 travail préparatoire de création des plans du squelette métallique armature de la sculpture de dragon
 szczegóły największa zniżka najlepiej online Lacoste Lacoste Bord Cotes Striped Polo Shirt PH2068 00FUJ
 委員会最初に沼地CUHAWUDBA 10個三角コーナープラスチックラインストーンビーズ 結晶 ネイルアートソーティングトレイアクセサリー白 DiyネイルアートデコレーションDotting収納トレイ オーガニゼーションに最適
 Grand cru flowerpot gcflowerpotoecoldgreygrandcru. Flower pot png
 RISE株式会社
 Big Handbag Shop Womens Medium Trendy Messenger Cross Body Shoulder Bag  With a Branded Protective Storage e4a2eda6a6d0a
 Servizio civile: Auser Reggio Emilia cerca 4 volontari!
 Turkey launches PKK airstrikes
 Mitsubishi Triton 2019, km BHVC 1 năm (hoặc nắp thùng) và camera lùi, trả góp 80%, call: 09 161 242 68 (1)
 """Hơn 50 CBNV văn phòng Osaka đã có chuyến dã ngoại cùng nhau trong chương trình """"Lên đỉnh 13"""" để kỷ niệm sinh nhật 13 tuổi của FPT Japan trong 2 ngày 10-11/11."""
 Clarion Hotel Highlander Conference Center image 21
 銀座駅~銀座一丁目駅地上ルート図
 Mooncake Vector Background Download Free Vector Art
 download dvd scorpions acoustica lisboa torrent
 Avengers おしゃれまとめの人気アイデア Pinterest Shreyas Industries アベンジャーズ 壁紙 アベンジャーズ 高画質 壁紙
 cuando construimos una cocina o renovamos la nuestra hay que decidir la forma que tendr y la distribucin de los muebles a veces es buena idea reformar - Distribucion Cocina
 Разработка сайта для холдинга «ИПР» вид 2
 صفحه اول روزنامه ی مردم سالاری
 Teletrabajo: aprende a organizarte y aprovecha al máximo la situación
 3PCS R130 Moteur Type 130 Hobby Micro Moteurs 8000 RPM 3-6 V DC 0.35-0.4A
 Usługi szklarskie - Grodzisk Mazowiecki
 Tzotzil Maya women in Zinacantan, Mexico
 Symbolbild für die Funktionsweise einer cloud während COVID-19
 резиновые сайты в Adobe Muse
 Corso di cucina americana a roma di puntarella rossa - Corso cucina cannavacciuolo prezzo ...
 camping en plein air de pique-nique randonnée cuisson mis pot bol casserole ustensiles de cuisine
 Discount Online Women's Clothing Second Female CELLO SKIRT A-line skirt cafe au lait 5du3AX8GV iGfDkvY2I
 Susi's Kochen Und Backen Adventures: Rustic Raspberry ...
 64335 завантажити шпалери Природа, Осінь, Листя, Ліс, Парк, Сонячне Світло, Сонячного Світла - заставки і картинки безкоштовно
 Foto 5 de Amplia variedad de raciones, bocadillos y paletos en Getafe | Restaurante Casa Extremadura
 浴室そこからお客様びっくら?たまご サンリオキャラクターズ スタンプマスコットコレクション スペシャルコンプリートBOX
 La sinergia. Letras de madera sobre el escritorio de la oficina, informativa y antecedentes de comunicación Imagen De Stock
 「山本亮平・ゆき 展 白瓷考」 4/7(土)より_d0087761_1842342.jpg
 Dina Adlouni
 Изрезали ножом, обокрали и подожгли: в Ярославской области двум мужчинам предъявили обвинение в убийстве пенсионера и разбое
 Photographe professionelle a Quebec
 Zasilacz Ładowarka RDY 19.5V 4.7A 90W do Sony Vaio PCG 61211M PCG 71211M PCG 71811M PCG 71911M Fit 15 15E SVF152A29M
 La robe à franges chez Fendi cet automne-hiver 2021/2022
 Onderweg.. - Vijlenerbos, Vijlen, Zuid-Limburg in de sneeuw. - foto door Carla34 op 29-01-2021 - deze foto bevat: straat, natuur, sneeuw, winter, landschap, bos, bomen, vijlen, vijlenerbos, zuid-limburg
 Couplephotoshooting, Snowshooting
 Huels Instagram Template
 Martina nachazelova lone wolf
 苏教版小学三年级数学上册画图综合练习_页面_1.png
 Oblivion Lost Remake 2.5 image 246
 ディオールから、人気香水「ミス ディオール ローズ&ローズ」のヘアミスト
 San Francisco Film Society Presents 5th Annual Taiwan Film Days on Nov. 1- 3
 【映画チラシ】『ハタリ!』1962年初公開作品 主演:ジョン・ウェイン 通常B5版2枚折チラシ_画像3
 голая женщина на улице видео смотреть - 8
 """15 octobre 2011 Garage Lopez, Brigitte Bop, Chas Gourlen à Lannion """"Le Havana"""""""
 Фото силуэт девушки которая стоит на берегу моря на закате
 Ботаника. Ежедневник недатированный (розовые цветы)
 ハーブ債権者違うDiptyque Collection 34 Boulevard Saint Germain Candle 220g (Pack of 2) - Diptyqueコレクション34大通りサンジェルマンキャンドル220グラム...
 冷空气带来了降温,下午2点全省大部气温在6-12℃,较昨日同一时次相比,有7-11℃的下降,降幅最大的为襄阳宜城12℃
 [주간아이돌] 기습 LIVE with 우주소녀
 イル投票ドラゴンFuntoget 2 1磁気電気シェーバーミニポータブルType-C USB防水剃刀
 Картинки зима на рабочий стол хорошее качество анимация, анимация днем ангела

**Task goal:** Every record must be retyped so that it matches the original exactly.

**Exercise result:**
 travail préparatoire de création des plans du squelette métallique armature de la sculpture de dragon
 szczegóły największa zniżka najlepiej online Lacoste Lacoste Bord Cotes Striped Polo Shirt PH2068 00FUJ
 委員会最初に沼地CUHAWUDBA 10個三角コーナープラスチックラインストーンビーズ 結晶 ネイルアートソーティングトレイアクセサリー白 DiyネイルアートデコレーションDotting収納トレイ オーガニゼーションに最適
 Grand cru flowerpot gcflowerpotoecoldgreygrandcru. Flower pot png
 RISE株式会社
 Big Handbag Shop Womens Medium Trendy Messenger Cross Body Shoulder Bag  With a Branded Protective Storage e4a2eda6a6d0a
 Servizio civile: Auser Reggio Emilia cerca 4 volontari!
 Turkey launches PKK airstrikes
 Mitsubishi Triton 2019, km BHVC 1 năm (hoặc nắp thùng) và camera lùi, trả góp 80%, call: 09 161 242 68 (1)
 """Hơn 50 CBNV văn phòng Osaka đã có chuyến dã ngoại cùng nhau trong chương trình """"Lên đỉnh 13"""" để kỷ niệm sinh nhật 13 tuổi của FPT Japan trong 2 ngày 10-11/11."""
 Clarion Hotel Highlander Conference Center image 21
 銀座駅~銀座一丁目駅地上ルート図
 Mooncake Vector Background Download Free Vector Art
 download dvd scorpions acoustica lisboa torrent
 Avengers おしゃれまとめの人気アイデア Pinterest Shreyas Industries アベンジャーズ 壁紙 アベンジャーズ 高画質 壁紙
 cuando construimos una cocina o renovamos la nuestra hay que decidir la forma que tendr y la distribucin de los muebles a veces es buena idea reformar - Distribucion Cocina
 Разработка сайта для холдинга «ИПР» вид 2
 صفحه اول روزنامه ی مردم سالاری
 Teletrabajo: aprende a organizarte y aprovecha al máximo la situación
 3PCS R130 Moteur Type 130 Hobby Micro Moteurs 8000 RPM 3-6 V DC 0.35-0.4A
 Usługi szklarskie - Grodzisk Mazowiecki
 Tzotzil Maya women in Zinacantan, Mexico
 Symbolbild für die Funktionsweise einer cloud während COVID-19
 резиновые сайты в Adobe Muse
 Corso di cucina americana a roma di puntarella rossa - Corso cucina cannavacciuolo prezzo ...
 camping en plein air de pique-nique randonnée cuisson mis pot bol casserole ustensiles de cuisine
 Discount Online Women's Clothing Second Female CELLO SKIRT A-line skirt cafe au lait 5du3AX8GV iGfDkvY2I
 Susi's Kochen Und Backen Adventures: Rustic Raspberry ...
 64335 завантажити шпалери Природа, Осінь, Листя, Ліс, Парк, Сонячне Світло, Сонячного Світла - заставки і картинки безкоштовно
 Foto 5 de Amplia variedad de raciones, bocadillos y paletos en Getafe | Restaurante Casa Extremadura
 浴室そこからお客様びっくら?たまご サンリオキャラクターズ スタンプマスコットコレクション スペシャルコンプリートBOX
 La sinergia. Letras de madera sobre el escritorio de la oficina, informativa y antecedentes de comunicación Imagen De Stock
 「山本亮平・ゆき 展 白瓷考」 4/7(土)より_d0087761_1842342.jpg
 Dina Adlouni
 Изрезали ножом, обокрали и подожгли: в Ярославской области двум мужчинам предъявили обвинение в убийстве пенсионера и разбое
 Photographe professionelle a Quebec
 Zasilacz Ładowarka RDY 19.5V 4.7A 90W do Sony Vaio PCG 61211M PCG 71211M PCG 71811M PCG 71911M Fit 15 15E SVF152A29M
 La robe à franges chez Fendi cet automne-hiver 2021/2022
 Onderweg.. - Vijlenerbos, Vijlen, Zuid-Limburg in de sneeuw. - foto door Carla34 op 29-01-2021 - deze foto bevat: straat, natuur, sneeuw, winter, landschap, bos, bomen, vijlen, vijlenerbos, zuid-limburg
 Couplephotoshooting, Snowshooting
 Huels Instagram Template
 Martina nachazelova lone wolf
 苏教版小学三年级数学上册画图综合练习_页面_1.png
 Oblivion Lost Remake 2.5 image 246
 ディオールから、人気香水「ミス ディオール ローズ&ローズ」のヘアミスト
 San Francisco Film Society Presents 5th Annual Taiwan Film Days on Nov. 1- 3
 【映画チラシ】『ハタリ!』1962年初公開作品 主演:ジョン・ウェイン 通常B5版2枚折チラシ_画像3
 голая женщина на улице видео смотреть - 8
 """15 octobre 2011 Garage Lopez, Brigitte Bop, Chas Gourlen à Lannion """"Le Havana"""""""
 Фото силуэт девушки которая стоит на берегу моря на закате
 Ботаника. Ежедневник недатированный (розовые цветы)
 ハーブ債権者違うDiptyque Collection 34 Boulevard Saint Germain Candle 220g (Pack of 2) - Diptyqueコレクション34大通りサンジェルマンキャンドル220グラム...
 冷空气带来了降温,下午2点全省大部气温在6-12℃,较昨日同一时次相比,有7-11℃的下降,降幅最大的为襄阳宜城12℃
 [주간아이돌] 기습 LIVE with 우주소녀
 イル投票ドラゴンFuntoget 2 1磁気電気シェーバーミニポータブルType-C USB防水剃刀
 Картинки зима на рабочий стол хорошее качество анимация, анимация днем ангела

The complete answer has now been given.